Tarantino Under Fire: Kill Bill Accused of Lifting from Lady Snowblood
Image credit: Legion-Media

Quentin Tarantino’s celebrated Kill Bill is facing fresh backlash from fans who say it borrows so heavily from the 1973 cult classic Lady Snowblood that it borders on a remake, pointing to mirrored blood-soaked set pieces, a vengeance-fueled arc, and razor-edged style.

Every few months film Twitter rediscovers 'Lady Snowblood' and decides 'Kill Bill' is a crime scene. We are back there again. So let me lay out what the fuss is, what actually connects the two movies, and what Quentin Tarantino has and has not admitted.

The tweet that kicked the hornet nest (again)

On Jan 7, 2026, X user @iloveairbagged (display name: kate bush's husband 2) posted a screenshot from the 1973 Japanese revenge film with the caption 'Now watching,' then quote-tweeted themselves with 'Put Tarantino in jail.' The replies did what replies do: more users piled on, accusing Tarantino of lifting from older films while pointing out that he has taken shots at other projects for being copycats himself. One example that kept coming up: his past claim that 'The Hunger Games' ripped off 'Battle Royale.'

Tarantino has always said 'Lady Snowblood' helped shape 'Kill Bill'

This is the part the pile-on tends to skip. Tarantino has been open about the influence for decades. Criterion straight-up notes that the first 'Lady Snowblood' was a major inspiration for the 'Kill Bill' saga. And in a 2004 interview with Screenwriter's Monthly, he explained that 'Kill Bill' was built from a stew of revenge genres: spaghetti westerns, classic kung fu, and Japanese exploitation cinema.

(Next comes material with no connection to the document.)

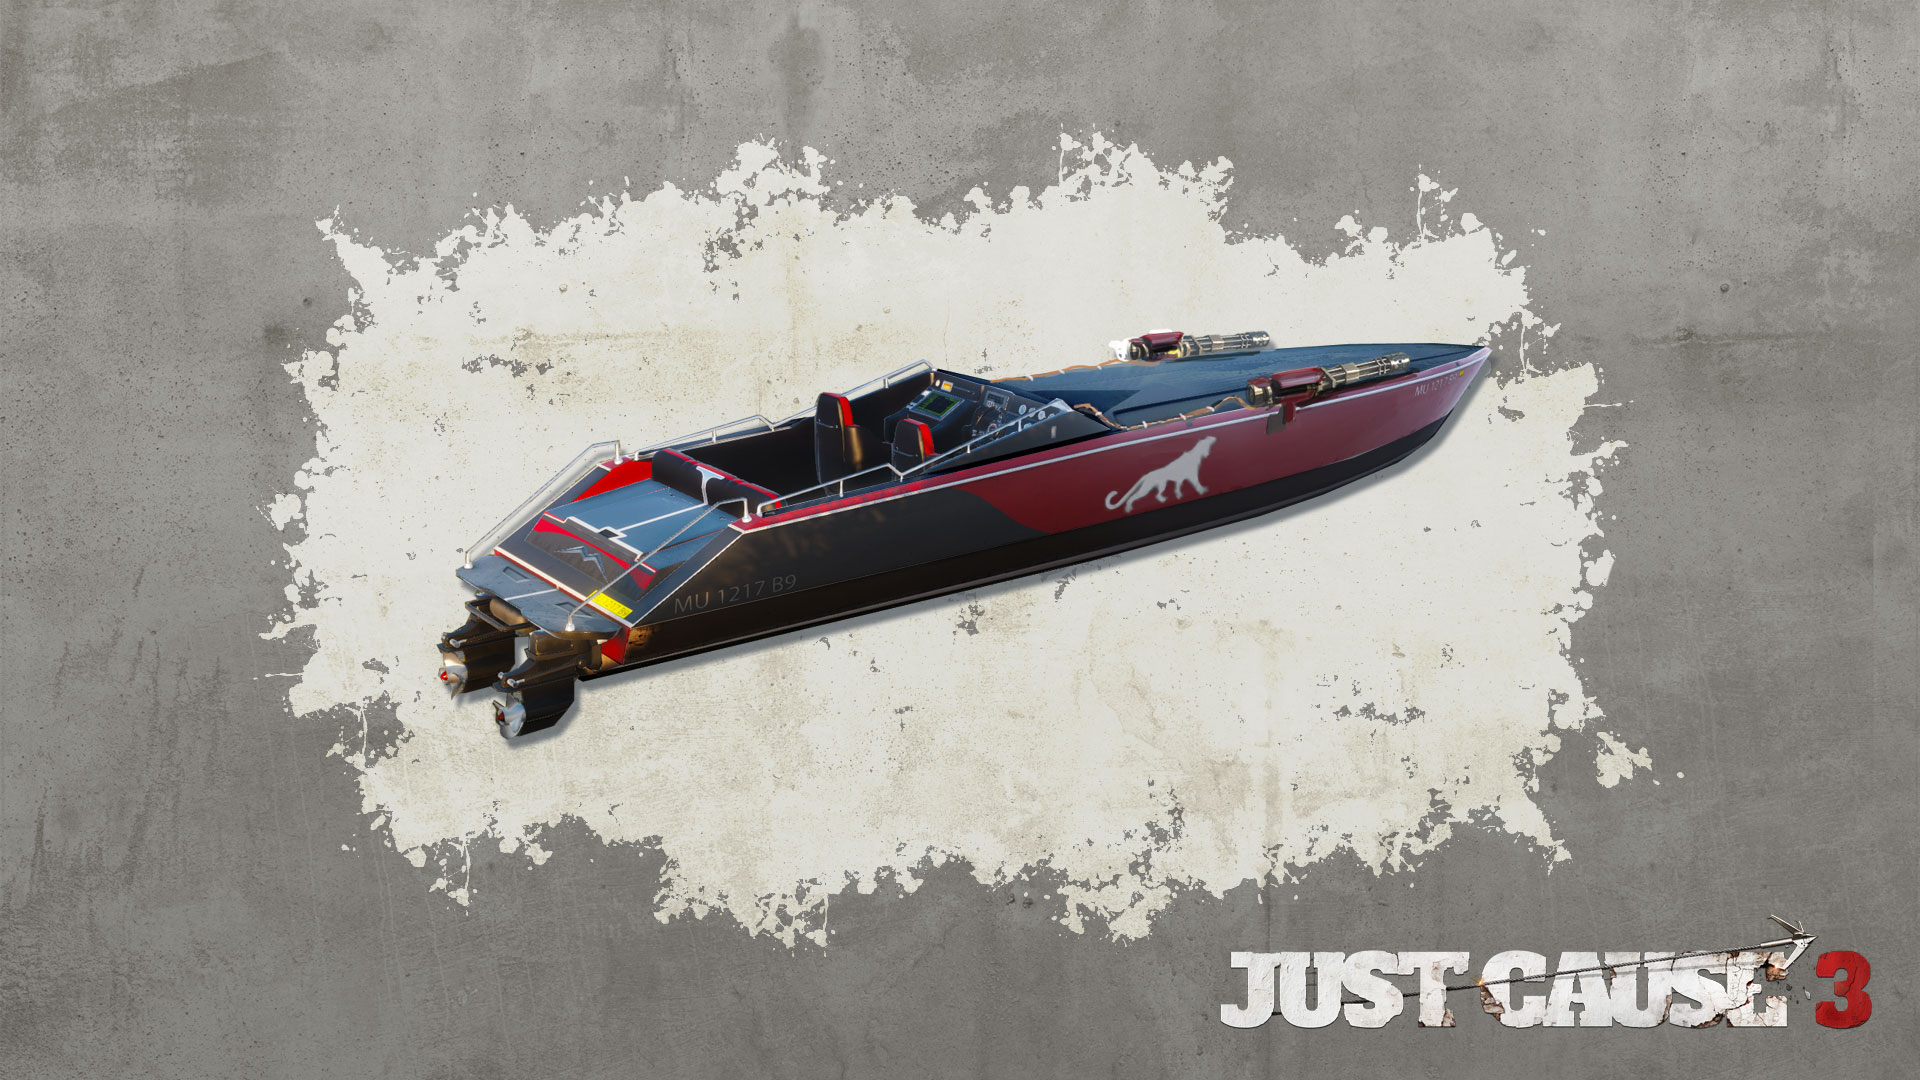 Just Cause 3 - Mini-Gun Racing Boat DLC Steam CD Key [USD 1.56]

'At its core, it comes from all these different revenge movies I was bouncing off of. The Bride could be a cowboy in a spaghetti western. She could be Angela Mao in Deep Thrust or Broken Oath. There are two characters Meiko Kaji played — Scorpion, which she did in four films, and the revenge samurai movie Lady Snowblood. The Bride could be that, too. She fits in a long line of characters hell-bent on revenge.'

In other words: he did not hide the ball. He pointed at the shelf while he was writing the thing.

What is actually the same?

Quick refresher: 'Lady Snowblood' stars Meiko Kaji as Yuki Kashima, a woman raised with a single purpose — avenge her mother, who was assaulted, and her half-brother, who was murdered. 'Kill Bill' follows Uma Thurman's The Bride, who wakes from a coma and hunts down her former boss Bill and his crew one by one. Both films center on women who turn vengeance into their entire life mission — patient, methodical, and ready to pay any price.

There are on-the-nose echoes, some of them intentionally so:

- The snowy duel: The Bride vs. O-Ren Ishii (Lucy Liu) mirrors a famed 'Lady Snowblood' sequence in both setting and mood.

- Structure and style: Chaptered storytelling, operatic swordplay, and a heightened, manga-to-movie vibe run through both.

- Music you can Shazam: Tarantino literally drops 'The Flower of Carnage' — a key 'Lady Snowblood' theme — after The Bride defeats O-Ren. That is not subtle; it is a direct hat tip.

So is 'Kill Bill' a copy?

If you are just now watching 'Lady Snowblood,' it can feel like it, because the DNA is right on the surface. But Tarantino has consistently framed 'Kill Bill' as a remix of revenge cinema — Kaji's Scorpion and Yuki, Angela Mao knockouts, spaghetti western archetypes — rather than a 1:1 redo. He borrowed the vengeful narrative engine, the visual language, even specific music, and then mashed it up with his own genre cocktail. To me, that lands closer to spiritual successor than theft. You can argue the line either way, but you cannot argue he kept the influence secret.

Cheat sheet: where they align and where they do not

  • Release years: Kill Bill (2003-2004), Lady Snowblood (1973)
  • Directors: Quentin Tarantino; Toshiya Fujita
  • Leads: Uma Thurman as The Bride; Meiko Kaji as Yuki Kashima
  • IMDb scores: Kill Bill 8.2/10; Lady Snowblood 7.6/10
  • Rotten Tomatoes critics: Kill Bill 85%; Lady Snowblood 100%
  • Rotten Tomatoes audience: Kill Bill 81%; Lady Snowblood 86%
  • Streaming now: Kill Bill on Amazon Prime Video; Lady Snowblood on HBO Max

Bottom line: the similarities are real, the influence is admitted, and the homage is deliberate — right down to the song cue. If you have seen one and not the other, it is absolutely worth the double feature, if only to see how a 70s Japanese revenge classic got refracted into a 2000s pop samurai epic.